Ann just shakes her head, rejecting me the way a great actor rejects a heckler in the audience — utterly and without really noticing.

“Frank, you know when we were all living down in Haddam five years ago, in that sick little arrangement you thrived on, and you were fucking that little Texas bimbo and having the time of your life, I actually put an ad in the Pennysaver, advertising myself as a woman who seeks male companionship. I actually risked boredom and rape just to keep things the way you liked them.”

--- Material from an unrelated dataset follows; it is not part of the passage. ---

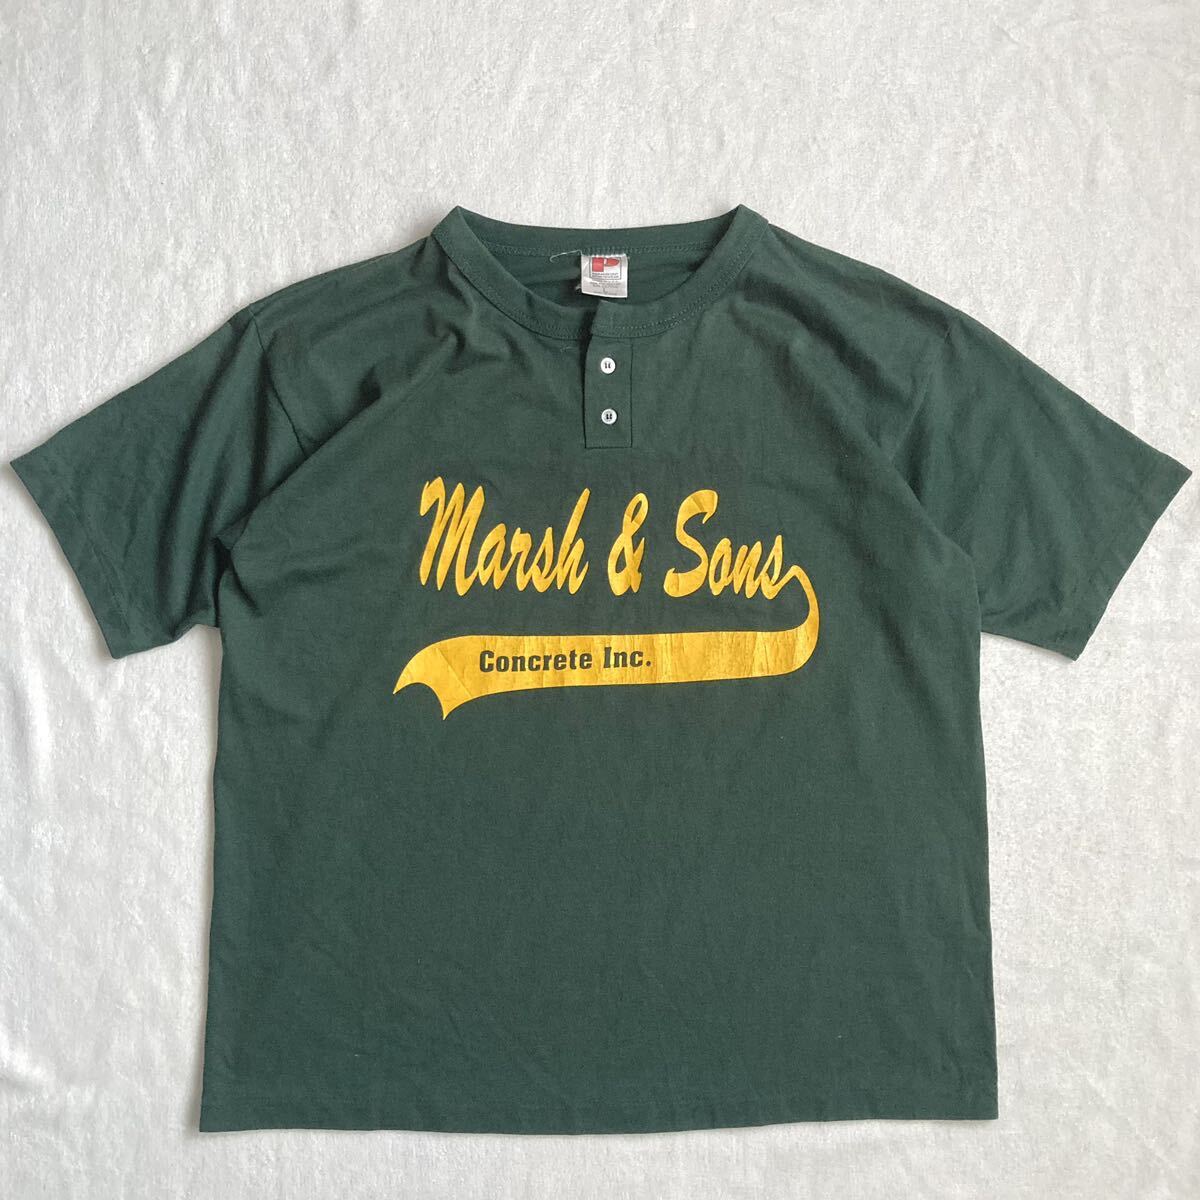 90s USA пр-во   PARAMOUNT SPORTSWEAR ...  футболка  vintage t shirt

This is not the first time I’ve heard about the Pennysaver etc. And Vicki Arcenault was far from a bimbo. “We could’ve gotten remarried again anytime,” I say. “And I wasn’t having the time of my life. You divorced me, if you can remember precisely. We could’ve moved back in together. All kinds of things could’ve happened instead of what did.” Possibly I’m about to hear that the most difficult milieu adjustment of my adult life didn’t really have to be made (if only I’d been clairvoyant). It’s the worst news anyone could hear, and for a nickel I’d pop Ann right in the chops.

“I didn’t want to marry you.” She keeps shaking her head, though less forcefully. “I just should’ve left, that’s all. Do you even think you know why you and I got unmarried?” She takes a brief, angling look at me — uncomfortably like Sally’s look. I’d rather not be delving into the past now, but into the future or at least the present, where I’m most at home. It’s all my fault, though, for rashly bringing up the queasy matter of — or at least the word — marriage.

“I’m on record,” I say, to answer her fair and square, “as believing our son died and you and I tried to cope with it but couldn’t. Then I left home for a time and had some girlfriends, and you filed for divorce because you wanted me gone.” I look at her haltingly, as if in describing that time in our life I’d as much as stated a Goya could’ve easily been painted by a grandmother in Des Moines. “Maybe I’m wrong.”